In the data preparation phase, our Python script acts as a data maestro, leveraging Pandas and NumPy to effortlessly load and explore datasets. Using Pandas’ read_csv function with custom separators, we swiftly ingest the CSV file into a Pandas DataFrame. This sets the foundation for a deep dive into our data, where Python’s versatile toolkit enables seamless cleaning, transformation, and organization.

Tech stack used

Apache Airflow:

Purpose: Workflow automation and scheduling.
Key Features: DAGs (Directed Acyclic Graphs) for defining workflows, scheduling and orchestrating tasks, monitoring and logging.
Use Case: Automating and orchestrating data loading to database, and scheduled dbt tasks.

dbt (data build tool):

Purpose: Transforming and modeling data in the data warehouse.
Key Features: SQL-based transformations, version control for analytics code, modularization of SQL queries.
Use Case: Transforming raw data into structured, analytics-ready datasets within a data warehouse.

PostgreSQL (Postgres):

Purpose: Relational database management system (RDBMS).
Key Features: ACID compliance, extensibility, support for JSON data types.
Use Case: Storing and managing structured data, commonly used as a data warehouse backend.

Redash:

Purpose: Business intelligence (BI) and visualization tool.
Key Features: Querying multiple data sources, creating dashboards and visualizations, sharing and collaborating on data insights.
Use Case: Creating and sharing visualizations and dashboards for data analysis and reporting.

How They Work Together:

Apache Airflow orchestrates and schedules data workflows, including dbt transformations.
dbt transforms and models data in the PostgreSQL data warehouse.
Redash connects to PostgreSQL to visualize and explore transformed data.

Methodology

Creating Virtual Machine

To initiate the project, the first step involved establishing a dedicated virtual machine, a fundamental element for achieving a production-ready setup with comprehensive Dockerization. Utilizing the robust Proxmox virtualization platform in the home lab, a virtual machine was configured with substantial resources: 4 CPU sockets, 5GB of RAM, and a capacious 64GB hard disk. This strategic allocation ensures optimal performance and scalability, creating a foundation for a seamless Dockerized environment. Following the virtual machine setup, Debian 12 (Bookworm) was installed as the operating system, laying a sturdy groundwork for subsequent development and deployment phases in this exciting project.

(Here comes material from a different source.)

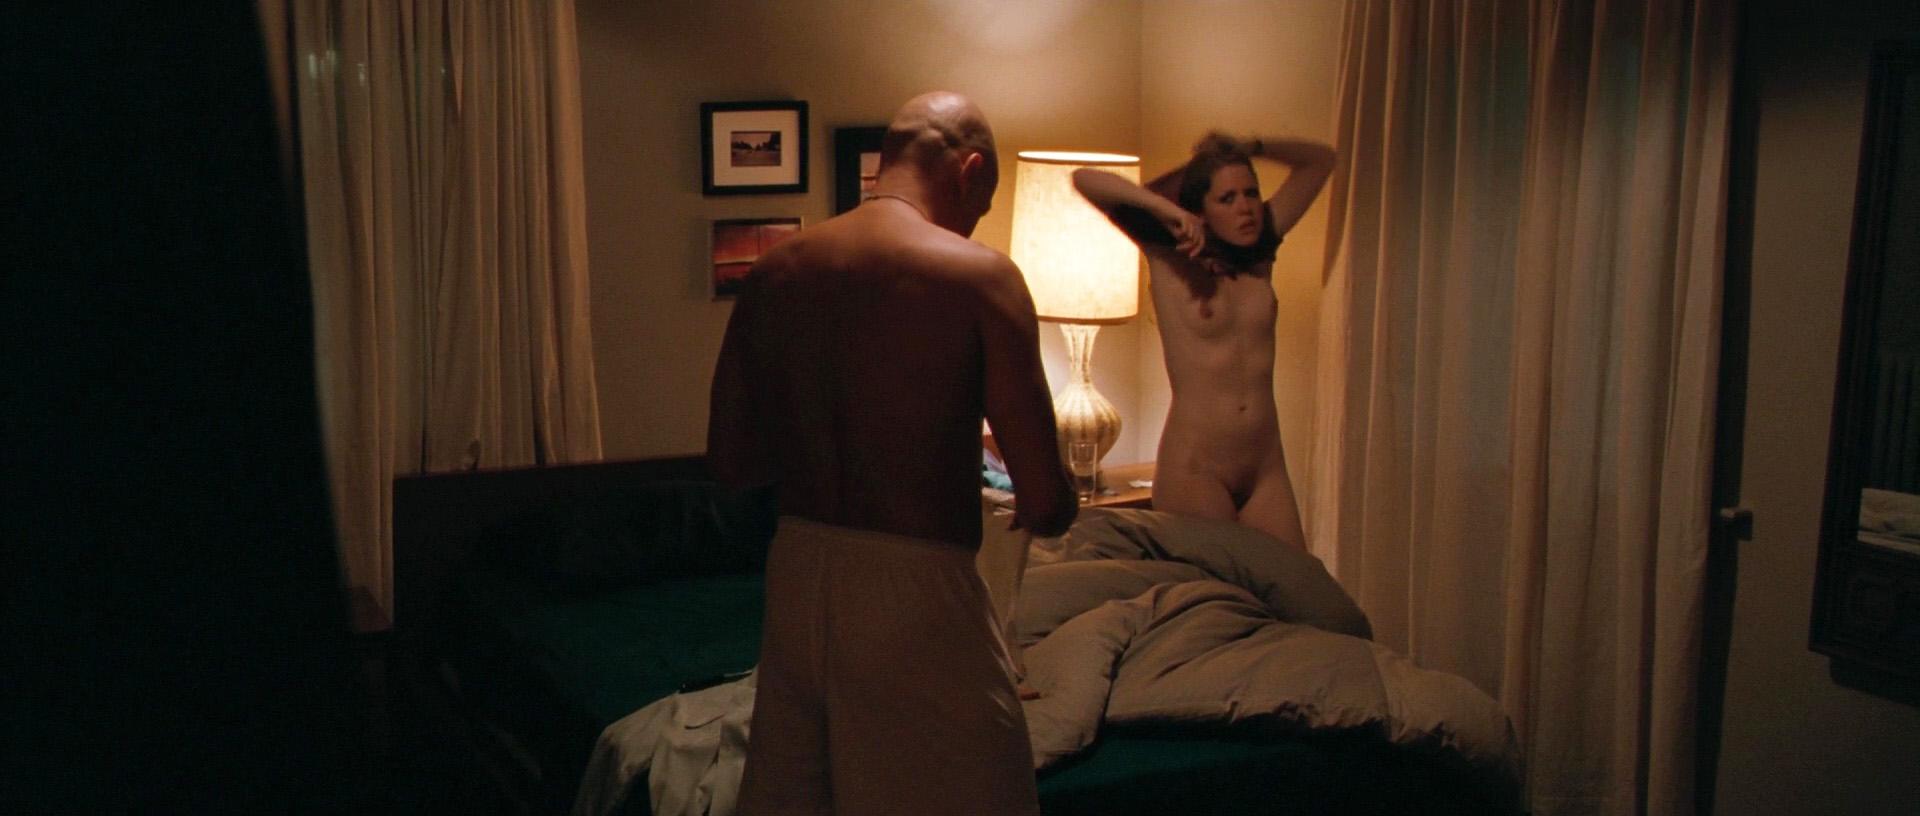 malone scene sex jena

Promox VM running debian12

Installing and using Airflow

Having configured the dedicated virtual machine, the next steps involved optimizing containerization through the installation of Docker. Following this, Apache Airflow was employed to efficiently manage data loading using Directed Acyclic Graphs (DAGs). To enhance the structure of data processing, I developed modules dedicated to extraction, logging, and parsing. Progressing further, a pivotal step was the creation of a loader DAG within Airflow, crucial for orchestrating the data workflow. The Airflow setup encompassed the crafting of a docker-compose.yml file, ensuring the installation of essential packages and proper volume mounting for seamless functionality.

Portainer container management

The loading process was scheduled to occur daily at midnight using the DAG file. Subsequently, the dbt transformation was seamlessly scheduled to follow suit. The data was stored in two distinct tables, each containing the relevant information. The orchestration of automatic data transformation through dbt was scheduled using a bash script. This meticulous scheduling ensures a timely and automated workflow, maintaining data integrity and facilitating efficient transformations for the project.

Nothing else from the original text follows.